> **Work task**: In the listing below, locate the lines bearing the word "Foto". Copy every one of them.

++++ Dataset records ++++

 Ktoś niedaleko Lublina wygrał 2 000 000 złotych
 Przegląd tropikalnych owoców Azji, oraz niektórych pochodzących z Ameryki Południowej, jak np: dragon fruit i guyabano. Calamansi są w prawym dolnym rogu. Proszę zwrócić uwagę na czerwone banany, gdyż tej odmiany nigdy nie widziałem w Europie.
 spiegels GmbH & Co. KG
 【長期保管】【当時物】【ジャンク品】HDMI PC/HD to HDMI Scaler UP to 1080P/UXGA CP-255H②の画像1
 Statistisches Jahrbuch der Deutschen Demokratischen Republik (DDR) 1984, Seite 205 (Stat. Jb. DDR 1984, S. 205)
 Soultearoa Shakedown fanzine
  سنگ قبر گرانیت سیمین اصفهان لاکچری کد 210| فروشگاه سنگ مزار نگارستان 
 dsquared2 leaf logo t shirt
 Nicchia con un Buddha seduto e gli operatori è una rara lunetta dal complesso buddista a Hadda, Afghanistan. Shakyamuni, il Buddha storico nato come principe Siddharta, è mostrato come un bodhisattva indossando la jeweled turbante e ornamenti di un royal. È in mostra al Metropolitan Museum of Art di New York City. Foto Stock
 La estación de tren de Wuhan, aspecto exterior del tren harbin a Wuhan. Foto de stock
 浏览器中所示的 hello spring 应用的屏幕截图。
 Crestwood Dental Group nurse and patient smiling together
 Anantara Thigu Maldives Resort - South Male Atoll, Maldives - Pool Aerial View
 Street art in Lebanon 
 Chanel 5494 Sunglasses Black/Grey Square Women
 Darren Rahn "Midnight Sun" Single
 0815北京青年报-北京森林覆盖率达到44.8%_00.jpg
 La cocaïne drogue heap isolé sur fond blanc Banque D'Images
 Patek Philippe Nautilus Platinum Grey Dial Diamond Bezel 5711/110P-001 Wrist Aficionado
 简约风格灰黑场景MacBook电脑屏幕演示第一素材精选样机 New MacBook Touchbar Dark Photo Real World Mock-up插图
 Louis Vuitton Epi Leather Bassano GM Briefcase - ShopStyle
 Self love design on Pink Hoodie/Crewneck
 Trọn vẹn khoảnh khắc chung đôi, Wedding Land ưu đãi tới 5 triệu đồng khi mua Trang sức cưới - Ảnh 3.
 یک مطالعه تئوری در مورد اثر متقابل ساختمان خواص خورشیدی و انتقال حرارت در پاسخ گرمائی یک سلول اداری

++++

> **Written answer**:
 Nicchia con un Buddha seduto e gli operatori è una rara lunetta dal complesso buddista a Hadda, Afghanistan. Shakyamuni, il Buddha storico nato come principe Siddharta, è mostrato come un bodhisattva indossando la jeweled turbante e ornamenti di un royal. È in mostra al Metropolitan Museum of Art di New York City. Foto Stock
 La estación de tren de Wuhan, aspecto exterior del tren harbin a Wuhan. Foto de stock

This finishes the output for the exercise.